Part 01 - Exercise 03 What makes a document?

What makes a document?

Rob says that ‘any photograph is inherently a document’ and I agree with him on this. If we break it down and we remove the romance and pretence out of what the art of image making is, everyone who has a camera makes documents of events in the past. Currently we alter those moments by adding Instagram filters or Snapchat text over the top of them to make them seem better than they are. We add #discriptivehashtags to explain what our photos are supposed to mean but most likely the only reason we go to these lengths are to get more recognition from our friends/peers/fans. I think that Jose sums it up perfectly in his post where he says "So no matter how hard we try there is no guarantee that what we want to say with our pictures will be ‘heard’ by the viewer. We have no control over the cultural context our images will be shown or the cultural baggage of the viewer." To cut out all the cultural context and baggage modern day photographers tell the viewer what the image is about, they tell the viewer what the context is and they tell the viewer what they think the viewer should think of it. All hidden in a hashtag like this
#man_with_his_old_dog___who_survived_the_earthquake___we_should_all_feel_blessed_that_we_are_not_in_their_shoes___now_share_my_photo_with_your_friends_to_raise_awareness.

I feel that Anned explains this perfectly in their response. "I think the story supplied by Jose is what makes this photograph a document – whether a family photograph documenting family history or a photograph which allows us to see an aspect of Spanish history. Without the date, the place, the personal knowledge it would be very much less reliable as a document."

If we look at what we have created, is a file, it's labeled a .JPG file (most of the time) but with the amount of descriptions that we are adding to it, is it that much different to a word document? Are we now making mini powerpoint/keynote presentations every time we post an image? No longer is an image enough, we have to add text, cropping and and usually a generous helping of filters. Is that in itself not a description of a document? Lets think about it like this, if I said to a viewer that I spent 30 minutes on an slide of a presentation, I added an image which I spent some time removing unwanted elements like blemishes, I added some text and I added a description to the slide and lastly added a look to the slide by applying a cross process filter to the overall slide. I then saved the slide and posted it to instagram, is it a photo or a document? I lean towards a document. 

Update: Here are some extended comments and thoughts.

I feel that Jim D N Smith has a good point when he asks "Is it the content of the image that makes it a document?" and then answers his question with the following. "The personal significance dimension of photographic interpretation means that some photographs will be documents for some people, but perhaps not for others." Without knowledge of what is in the photo, or without an emotional attachment to a photo others may just brush past an image that for me, as an individual has some emotional meaning but for them is just another image.
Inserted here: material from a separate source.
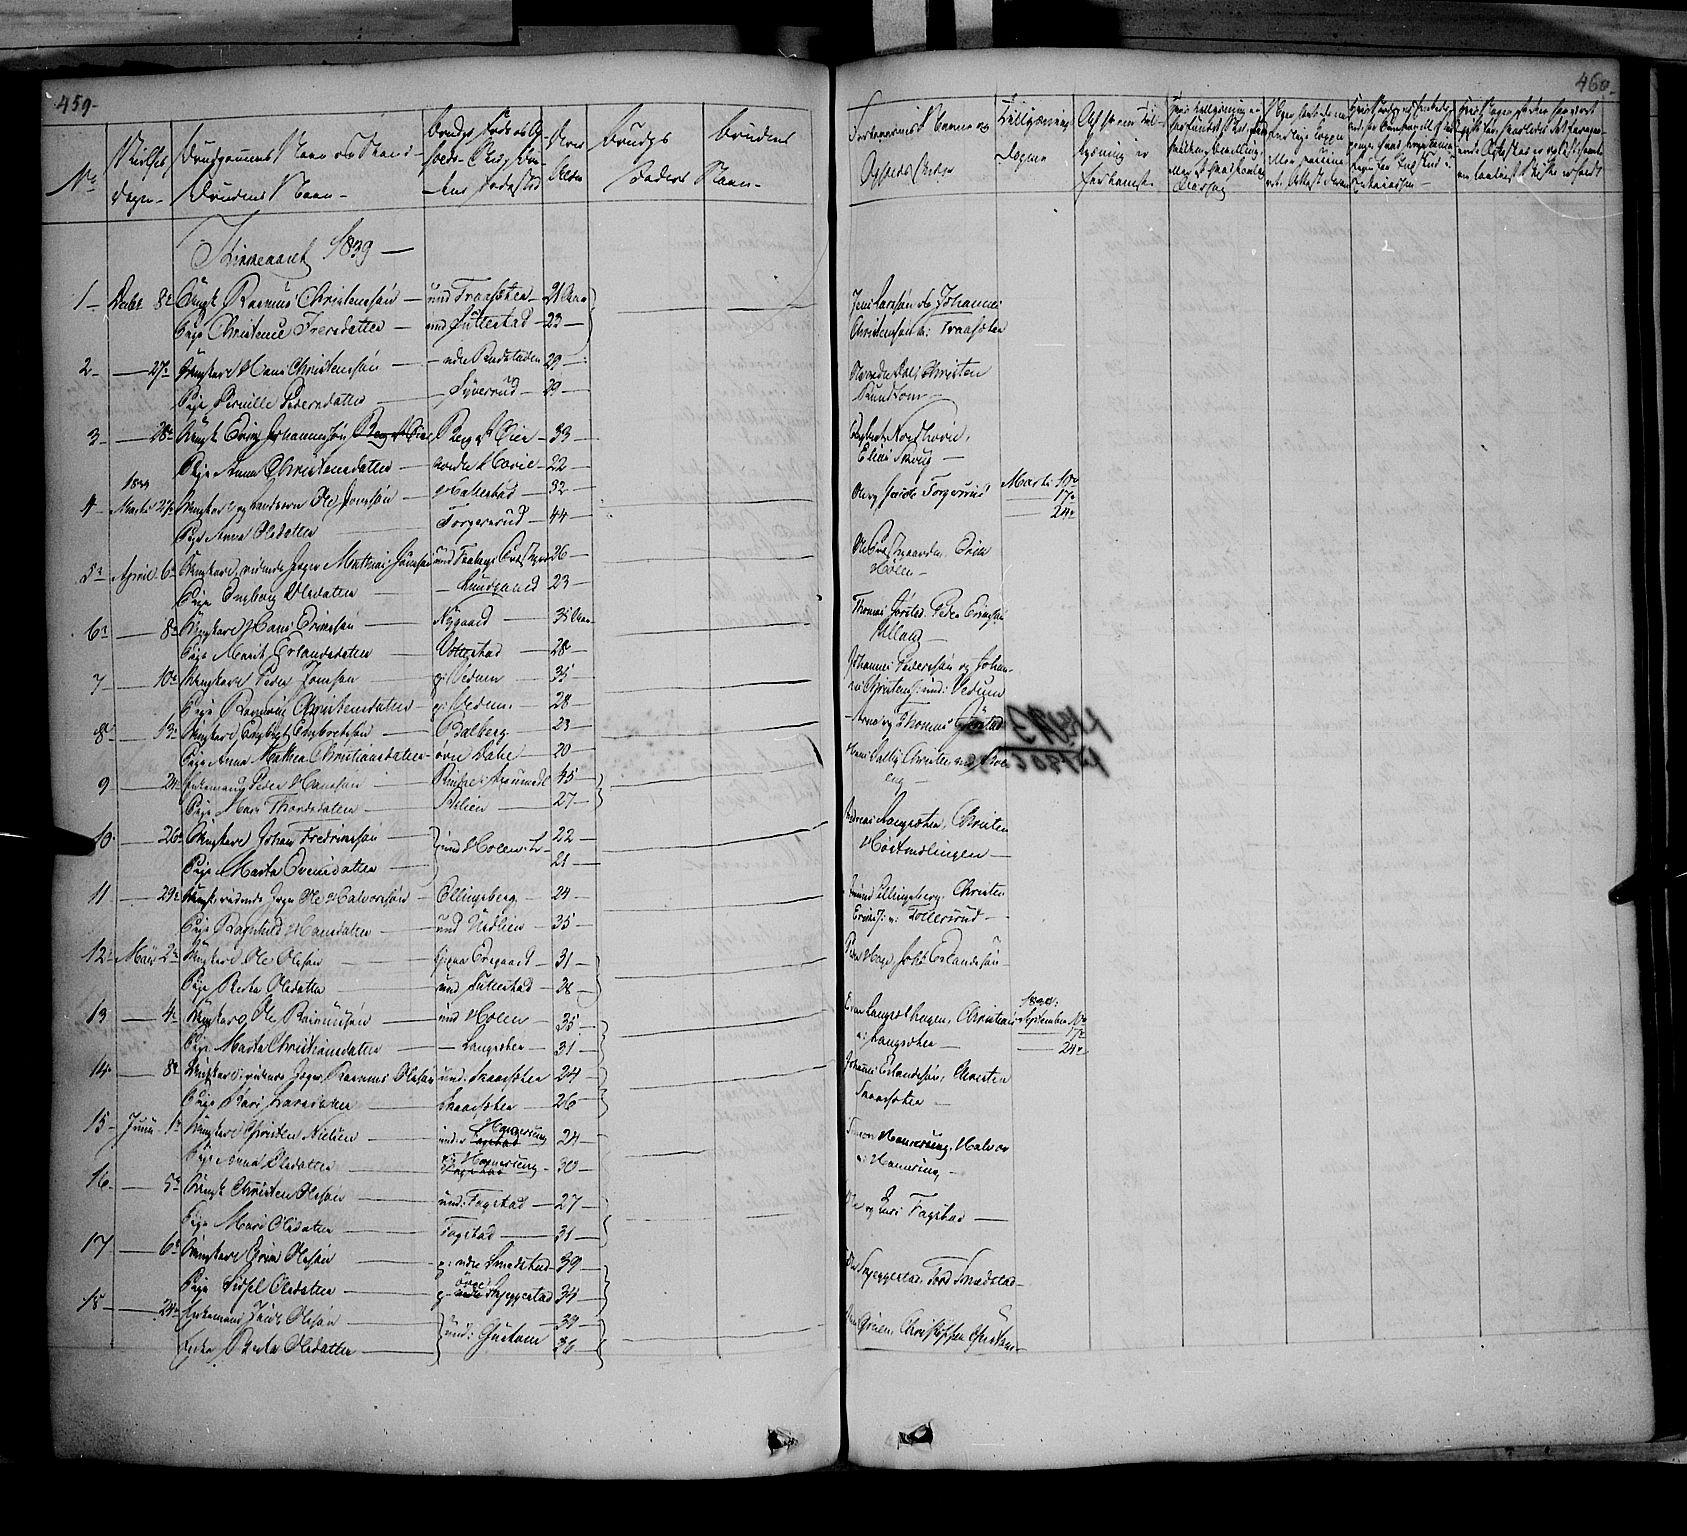 SAH, Fåberg prestekontor, Ministerialbok nr. 5, 1836-1854, s. 459-460
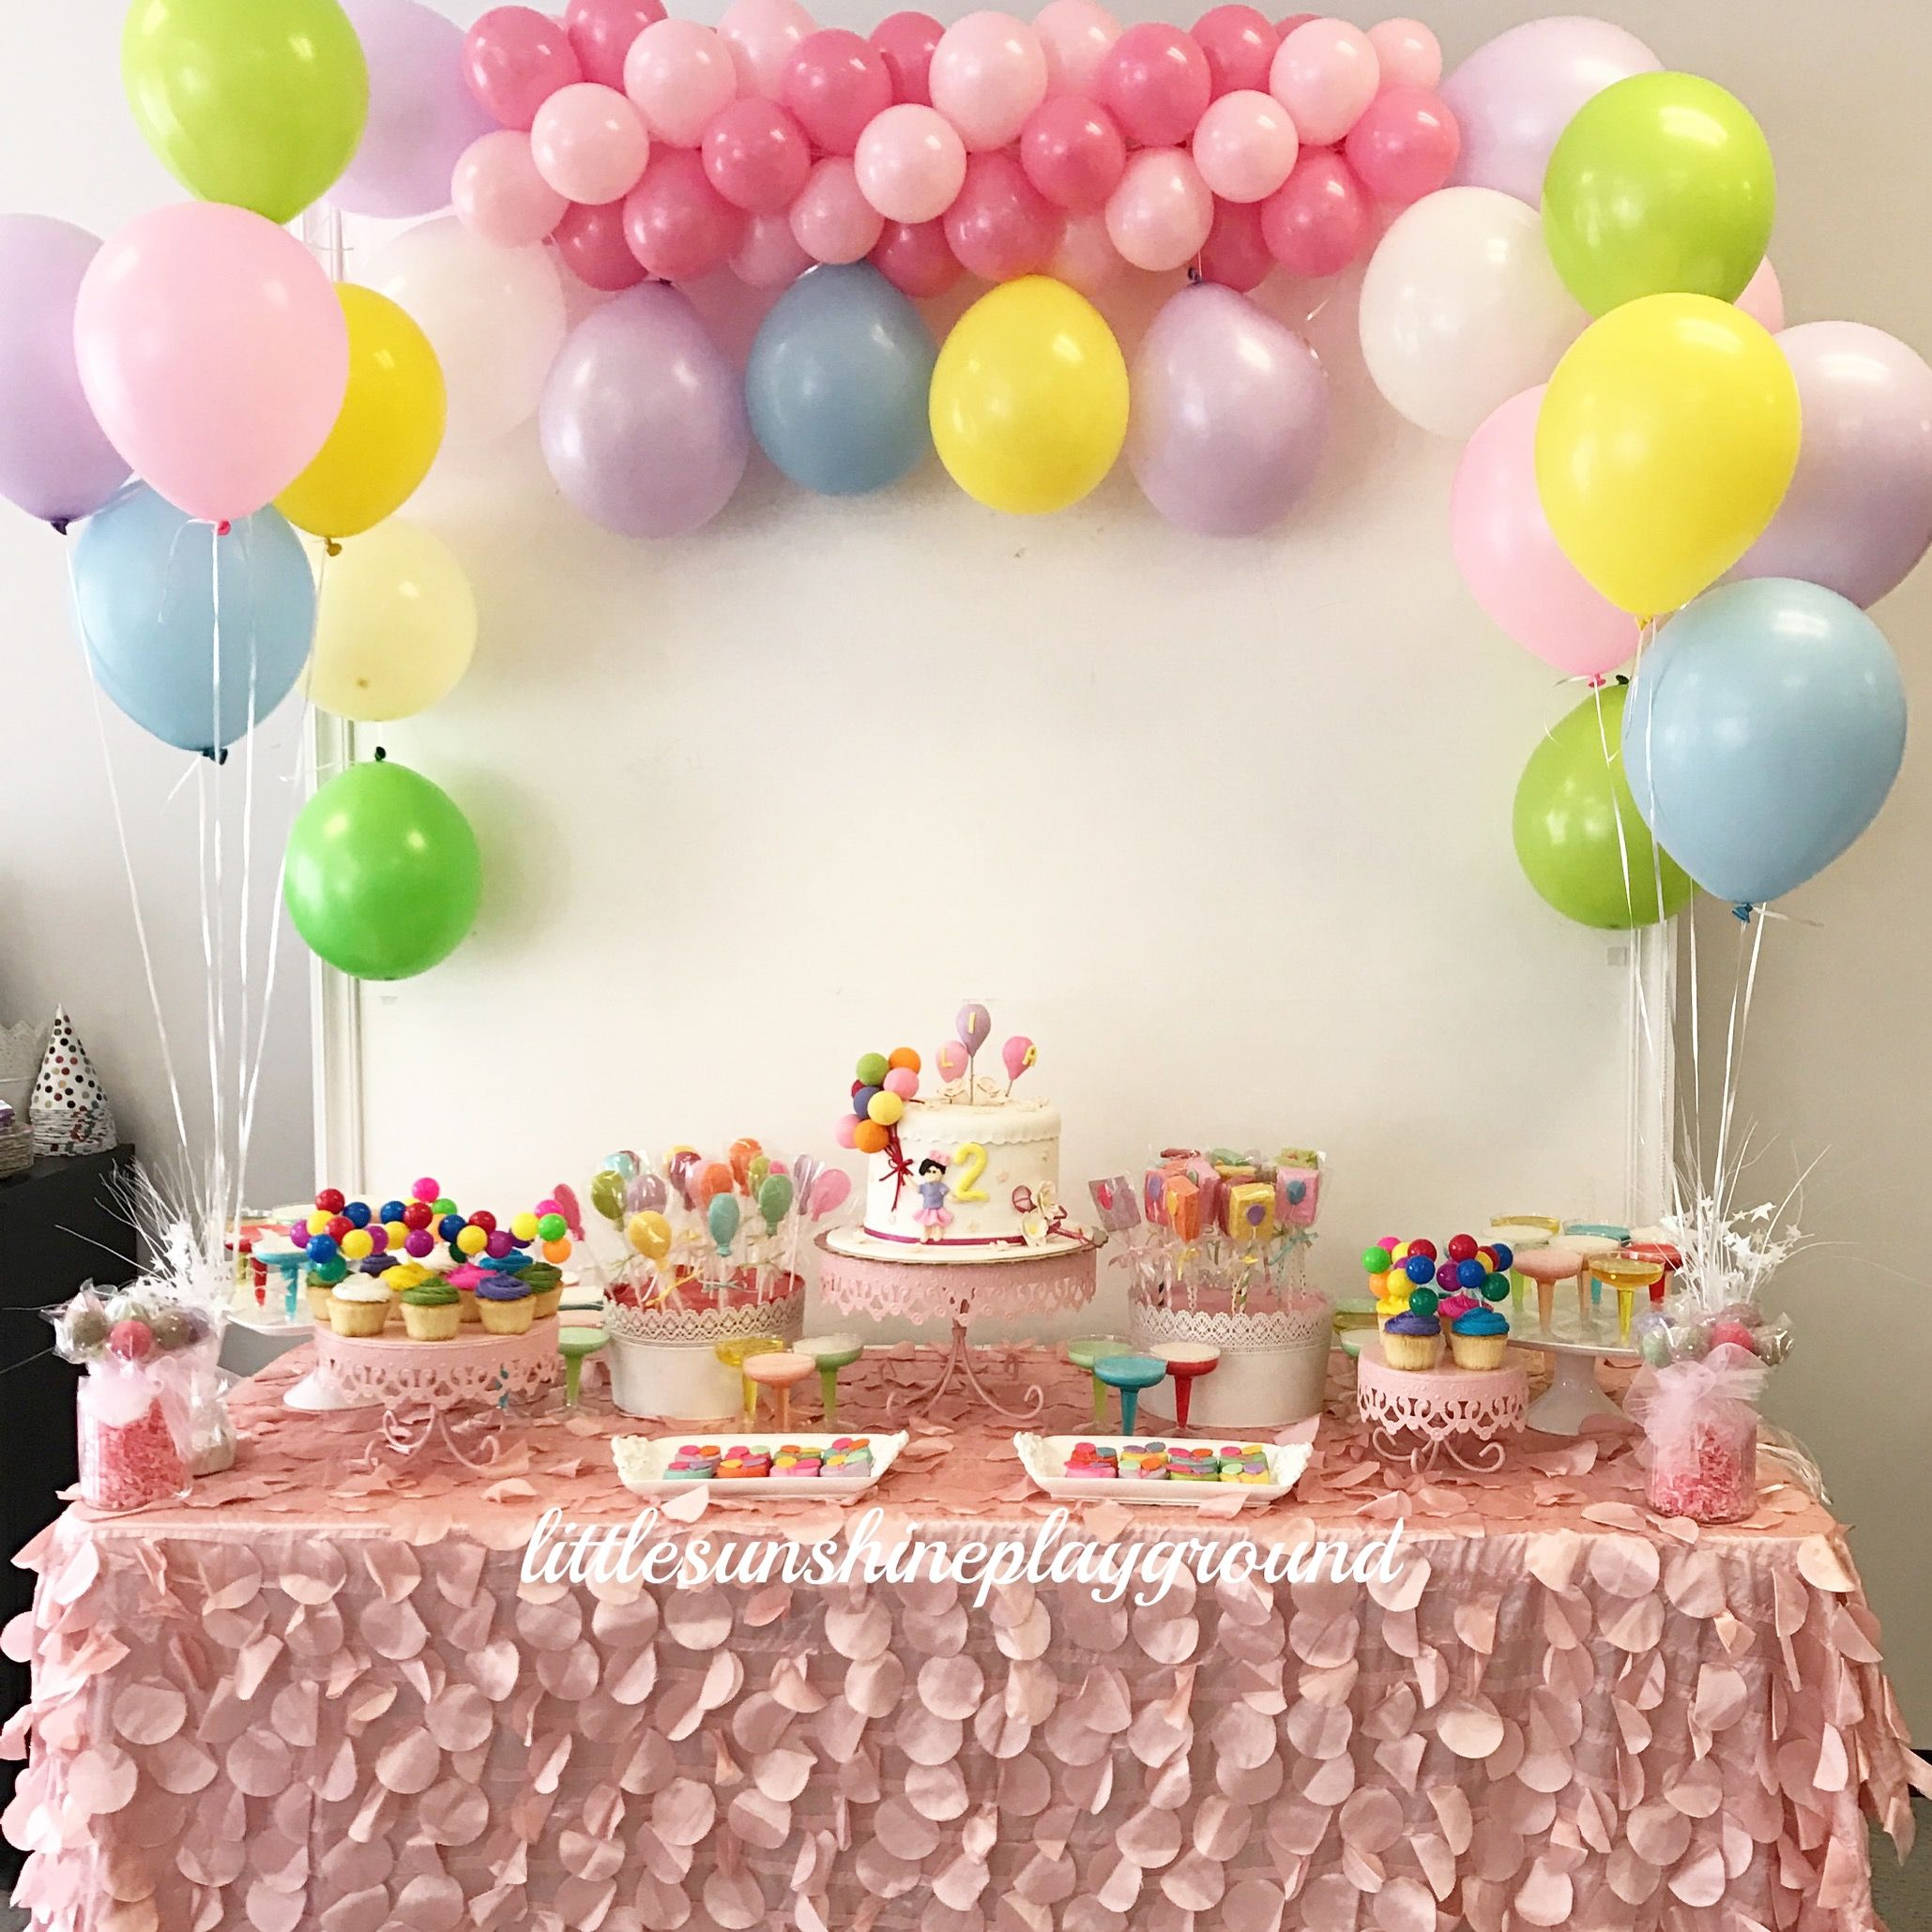 Happy Birthday To Beautiful Lia #birthday #birthdaygirl

I often look back at my catalogue of images, especially those when I just started taking photos, and to some extent I have as much emotional attachment to a photo of a line of trees as I have to an image of the family dog. Each image (especially if it was difficult to take) I can remember, I can attach a memory to it. Does this mean its not a document? No it does not, but it is more of a document to me than, say my friend who has never been to that place, adding cultural meaning to the image as well. So it comes back to context again, with the context of where what when, in an instant I have a connection with the image that others will need much more explaining to understand. 


Nigel Monckton
references a great quote, "A document is “…any concrete or symbolic indexical sign, preserved or recorded toward the ends of representing, of reconstituting, or of proving a physical or intellectual phenomenon.” So says Suzanne Briet in ”What is documentation” – one of the founding texts of information sciencehttp://ella.slis.indiana.edu/~roday/briet.htm."

I think the quote again gives an alternative view but the idea that a document is any indexical sign (or image in this case) makes sense. It still comes back to someone having the intention of making it and adding context (or a story) to the image. 

Having read the thread, it seems that most students think that photos of an event is a document. Photos with the aim of documenting is also seen as a document.

A couple of students mention an article by Kratochvil & Michael Persson, regarding the difference between documentary and photojournalism. I will read it to form my own opinion and update this page once I have done so.

As a response to how many images are being posted online per day this is what I thought.

I think people are starting to treat images as disposable due to the sheer overload. Is scrolling through Instagram/Facebook timelines any different to flicking through a tabloid magazine at the hairdressers? The difference is that people spend a lot more time on social media than they do in hair dressers, meaning that they consume/see so many more images than in the past. 

Take Snapchat for example, most images or even stories exist only for a few seconds or 24 hours at most. Can you imagine explaining that to someone like Henri Cartier-Bresson? But just because an image is printed in a book, does it make it more of a document than something that has a expiry stamp on it? How long after taking images do they become irrelevant? We all have those images in our family album of an aunt or uncle that we never met. Ed Lerpiniere says it very well in his writeup, "My belief is that a document changes from contemporary to historical when the last person who could have witnessed the time, event, person, whatever – has died and their remembered description goes with them, even if that remembered description has been recorded along with the document."

So now that we are seeing so many more images, for shorter times do we form an opinion on them (like when we see them in a gallery) or do we just swipe past them to the next one?